Изменить положение астроплана! Но и Сокол и сам Рындин прекрасно понимали, что сдвинуть с места многотонный межпланетный корабль, опустить его корму и поднять носовую часть возможно только при помощи мощных подъемных устройств. А их на астроплане не было. Правда, такие вспомогательные устройства можно было бы попытаться соорудить…
— Понятно, все эти наши разговоры имеют лишь предварительный характер, — продолжал задумчиво Рындин. — Про обратный старт нам думать слишком рано. Мы пока что ничего еще не нашли на Венере… если не потеряли. Да, друг мой, надо трезво смотреть на вещи.
Сокол опустил голову и ничего не ответил. Рындин понимал, как тяжело его молодому товарищу. Может быть, его отвлечет от грустных мыслей шутка? И Николай Петрович заговорил снова:
— Каждый день приносит нам столько неожиданностей, милый Вадим, что перед нами вдруг могут открыться новые возможности. Вот, представьте себе, что наш усатый знакомец опять вернется сюда. Допустим, что астроплан произвел на него незабываемое впечатление. Животное снова решит позабавиться — и в результате так толкнет корабль, что он примет прежнее положение. Тогда мы сможем без особых затруднений вылететь в обратный путь. Как вам нравится такая перспектива?
Но Сокол по-прежнему молчал. Он сидел подавленный и хмурый, — такой, каким был со времени ухода Ван Луна на поиски Гали Рыжко. Рындин видел, как Сокол лохматит свои кудрявые волосы, как он в который раз уже снимает и протирает очки, думая все об одном и том же — о судьбе Гали.

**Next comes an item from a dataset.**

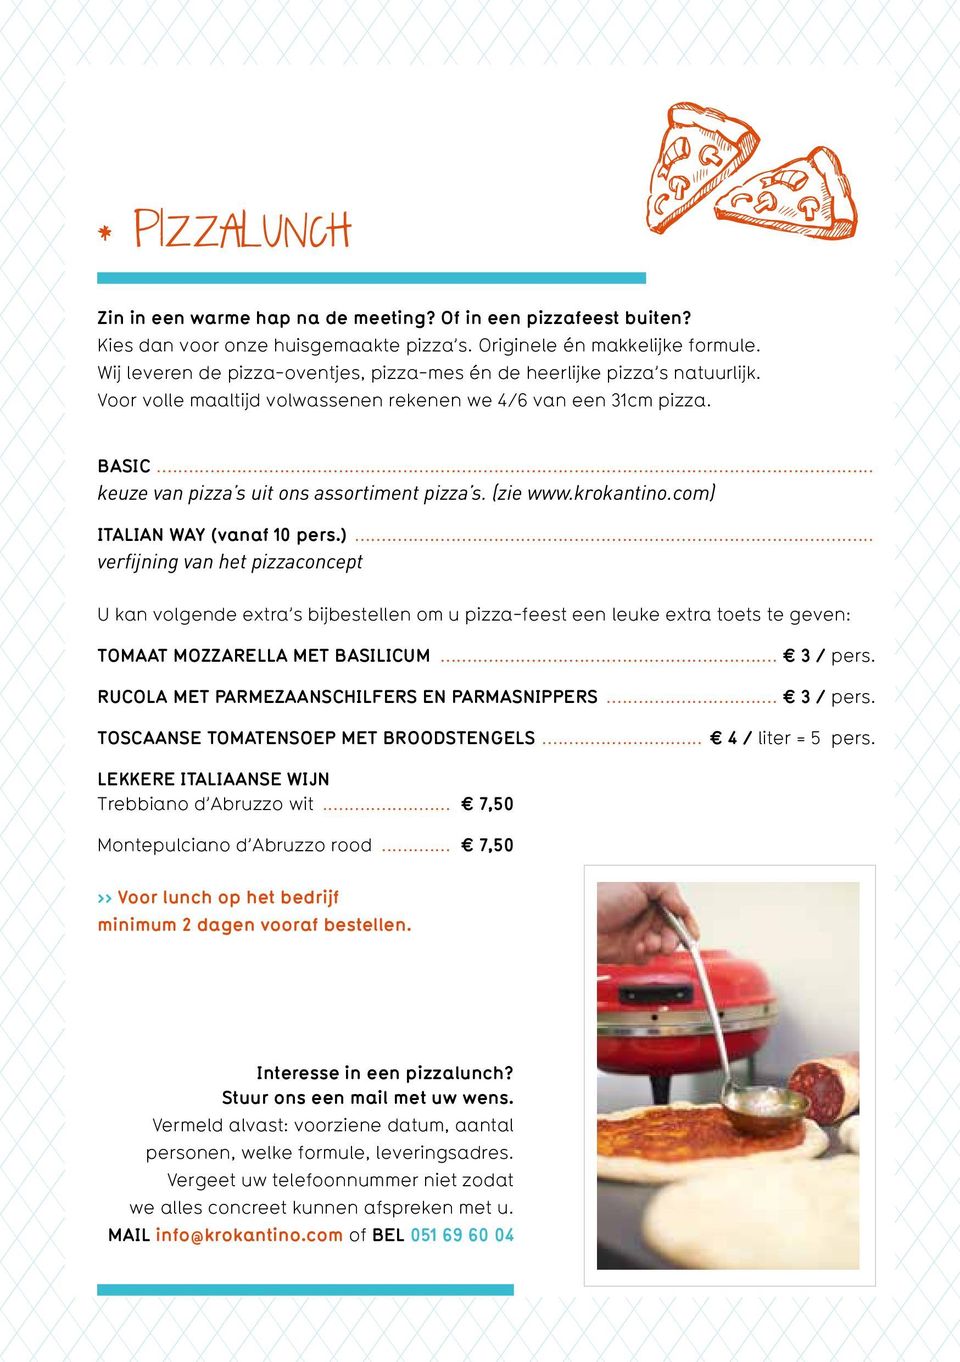 (zie www.krokantino.com) ITALIAN WAY (vanaf 10 pers.)... verfijning van het pizzaconcept U kan volgende extra s bijbestellen om u pizza-feest een leuke extra toets te geven: TOMAAT MOZZARELLA MET BASILICUM.

— Послушайте меня, Вадим, — серьезно заговорил Рындин. — Я понимаю, что вам тяжело. Но ведь и я полон тревоги за Галю. Однако разве мы поможем делу, если будем сидеть и растравлять себя? Вы поступаете неправильно, друг мой. Нужно пытаться отвлечься, заняться чем-нибудь, поймите! Мы сделали все, что могли. Ван Лун отправился на поиски. Вы слышали, он ушел в этот подземный ход. Никто из нас не может быть более полезным сейчас в поисках Гали, чем Ван. Да, очень печально, что мы не можем больше слышать его: вероятно, толстый слой земли гасит радиосигналы. Значит, нам остается только ждать и держать себя в руках.
— Ждать! Держать себя в руках! — глухо повторил Сокол. Он поднял голову и посмотрел на Рындина странно блестевшими глазами. Голос его дрожал от волнения. — Николай Петрович, не могу я! Если бы вы знали… Сколько раз я уже проклинал себя за то, что тогда, сразу же после того как она упала и покатилась под откос, не бросился и не помог ей…
— Сожалениями делу не поможешь, Вадим!
— Понимаю, Николай Петрович. Но не могу уйти от этих мыслей! Николай Петрович, вы знаете, что я ничего не скрываю от вас… Ведь я люблю Галю!
— Знаю, Вадим, — тихо откликнулся Рындин. — И она, мне кажется, тоже…
— Не знаю, ничего не знаю! — горячо перебил его Сокол. — Я никогда не спрашивал ее об этом, и сам тоже не говорил ей о своей любви. Не умею говорить об этом! Но люблю ее давно — с тех самых пор, как впервые ее увидел… еще на Земле… Мне трудно было думать о том, что я улечу с вами, а она останется… наверно, потому и говорил ей о том, как хотел бы, чтобы и она полетела с нами… Я шутил тогда, конечно, я никогда не думал, не мог себе представить, что Галя сделает так. Вы верите мне, Николай Петрович?
— Конечно, верю, Вадим.
— Ну, а потом… когда она оказалась в астроплане, мне было и радостно и тяжело: ведь я понимал, что впереди много опасностей… нет, не только это! Я понимал, что не имею теперь права говорить Гале о там, что люблю ее, и не позволял себе даже думать об этом. И никому не говорил, скрывал от всех… и от вас тоже…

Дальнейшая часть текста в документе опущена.